June 27, 2013, 10:25 amaczarnowski:
Huh? What's simpler that this?
Damming rivers? No. Nuclear? Haha. Digging coal out of the ground and putting it on trains? Natural gas pipelines? Solar panel manufacturing and setup? Super heated reflector towers running liquid salts to make steam to drive turbines? Wind turbine manufacturing and construction of wind farms?
The number of moving here parts is miniscule and the biggest one is air. Turbines are the primary complex component and they're a known quantity in an easily serviceable location instead of 200' up a pole or at the bottom of a water shaft. Unlike water or nuclear coolants, air won't break down the structure. And I'm guessing no new material tech, chemistry, or toxic manufacturing wastes are required (like solar panels) in the construction.
Devil in the details and all that, but seems pretty slick to me.
The econ will still be interesting. Land costs, permits for new systems, infrastructure to the site, NIMBY, convincing everybody that it won't spontaneously start tornadoes, blah, blah, blah, will all add up.
June 27, 2013, 11:34 amrdk:
At least 10 years ago one of these was proposed for Mildura in Victoria, but needless to say was never built. Given the government subsidies in Australia for useless projects it must have been an extraordinarily expensive proposal to end up going nowhere.
June 27, 2013, 1:22 pmMingoV:
Sending heat up a stack obviously means less heat for the plants. Since most greenhouses exist in cooler regions, it makes little sense to remove much of the heat.
Soil and ambient air temperature differences depend on many factors. If it is cloudy at night, then the air doesn't cool much and the gradient is small. If the surrounding surface is a light color (such as snow), then it will reflect solar energy during the day which will reduce the temperature gradient at night. Even under ideal conditions, the convection current system described will generate small amounts of energy.
It is doubtful that such a system will provide cost-competitive energy.
June 27, 2013, 3:09 pmEric Hammer:
That's a huge amount of land covered under a roof. The land might be cheap, but how much does the glass/plastic to cover it cost? That might be a deal breaker right there.

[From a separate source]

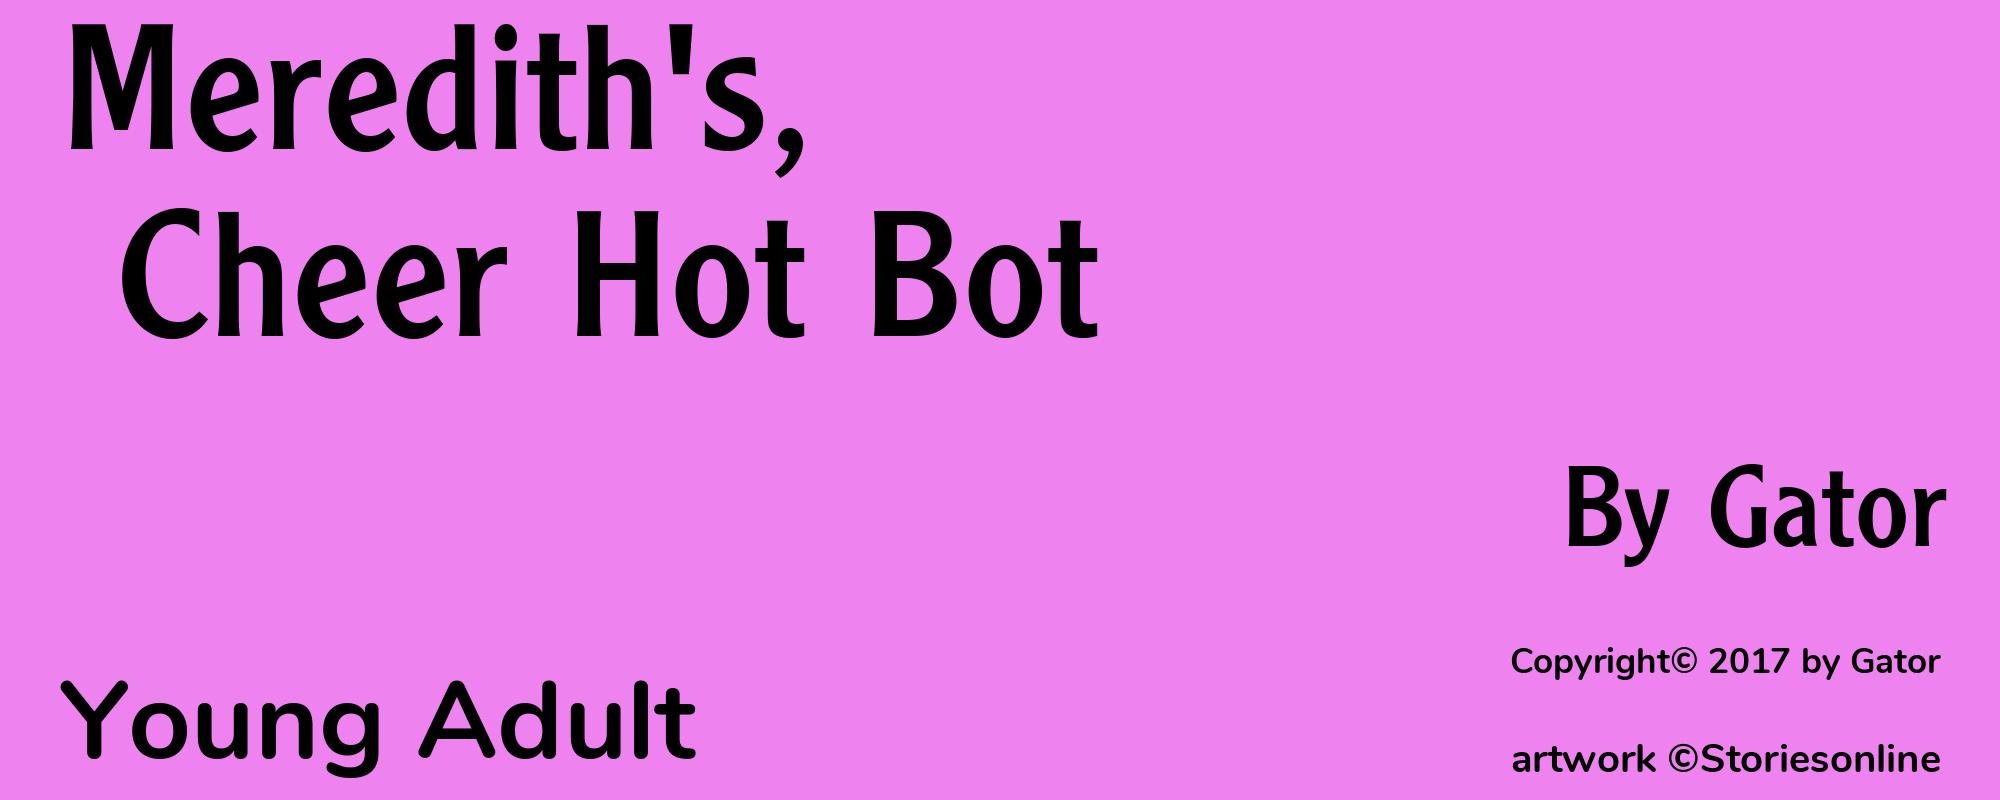 Meredith's, Cheer Hot Bot - Cover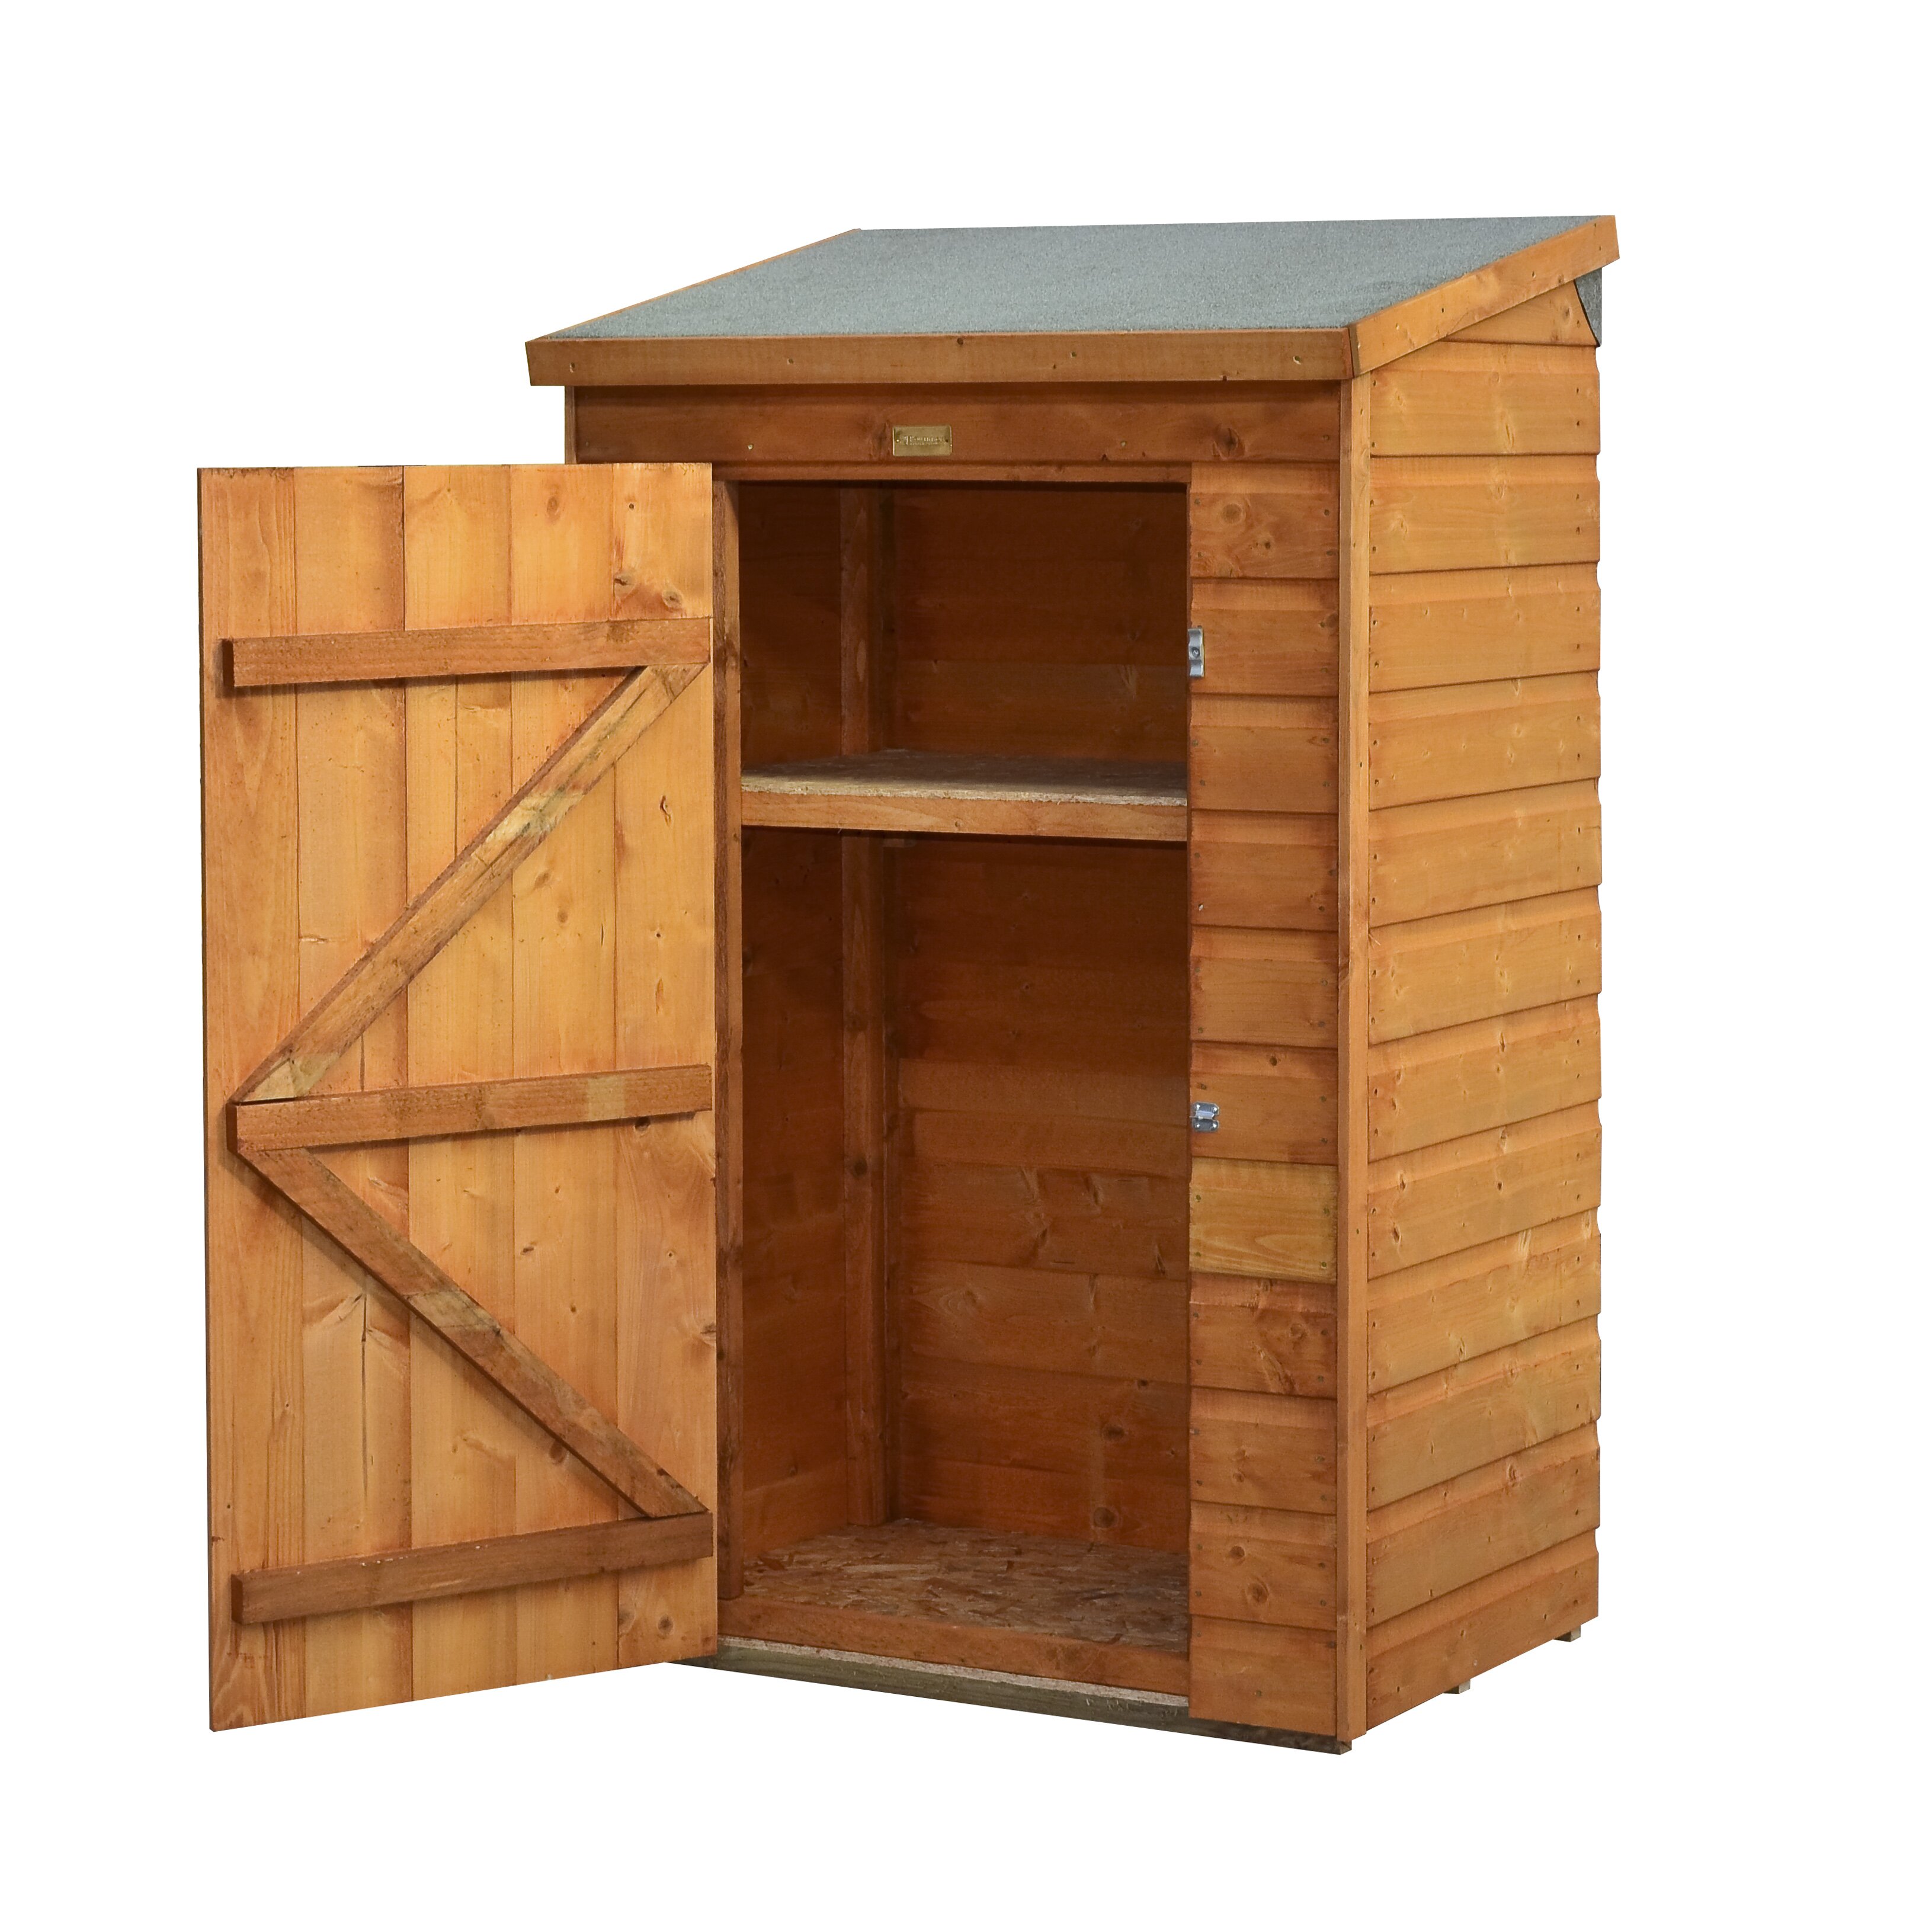 Rowlinson 3 Ft. W x 2 Ft. D Timber Storage Shed & Reviews | Wayfair

June 28, 2013, 9:23 amLarryGross:
1. – this is exactly why the gov does “pilots”. some fail. some succeed.
2. – in terms of structure – have folks seen the cooling towers for Nukes?
3. – in terms of weather changes. Have folks seen the smokestacks from coal or cooling towers for Nukes?
4. – in terms of Nukes – what would be interesting – given the economics of Nukes – would be to compare them to wind and solar – rather than coal-burning generation.
June 28, 2013, 2:56 pmWilliam Newman:
Rube-Goldberg-ish-ness can be managed with enough engineering determination --- see internal combustion engine, practicality of --- but thermodynamic limits are hard to overcome. I do not like the way that this approach takes hot energy (visible and near-infrared photons, roughly the temperature of the surface of the sun) and degrades the energy to lukewarm (warm air) before feeding it to a heat engine. Thermodynamics guarantees that after that degradation, almost all of the energy will leave as waste heat. (All their power output comes from feeding a heat engine with a small fractional difference in absolute temperature.) There's a reason well-developed heat engine technologies go to a lot of trouble to operate at high temperatures (and to vent their heat into low-temperature sinks, for that matter). Thus e.g. exotic alloys in gas turbine blades, compressed water in steam power systems, and other technologies you might have wondered about: now you know a big part of the reason. A system like this will naturally have to cover a rather bigger area than e.g. a park of solar panels in order to produce the same amount of usable energy. This system does have advantages for naturally incorporating short-term energy storage, which a big expensive problem for solar today. But I think having to cover several times as much land as solar cells (ideal efficiency bounded above by about 5%, probably: I'm guessing roughly 15 degree Celsius heat difference between engine input and engine output, and roughly 300 Kelvin temperature at output) is a disadvantage so large that it will prevent wide application of this approach in anything like a rational economic system.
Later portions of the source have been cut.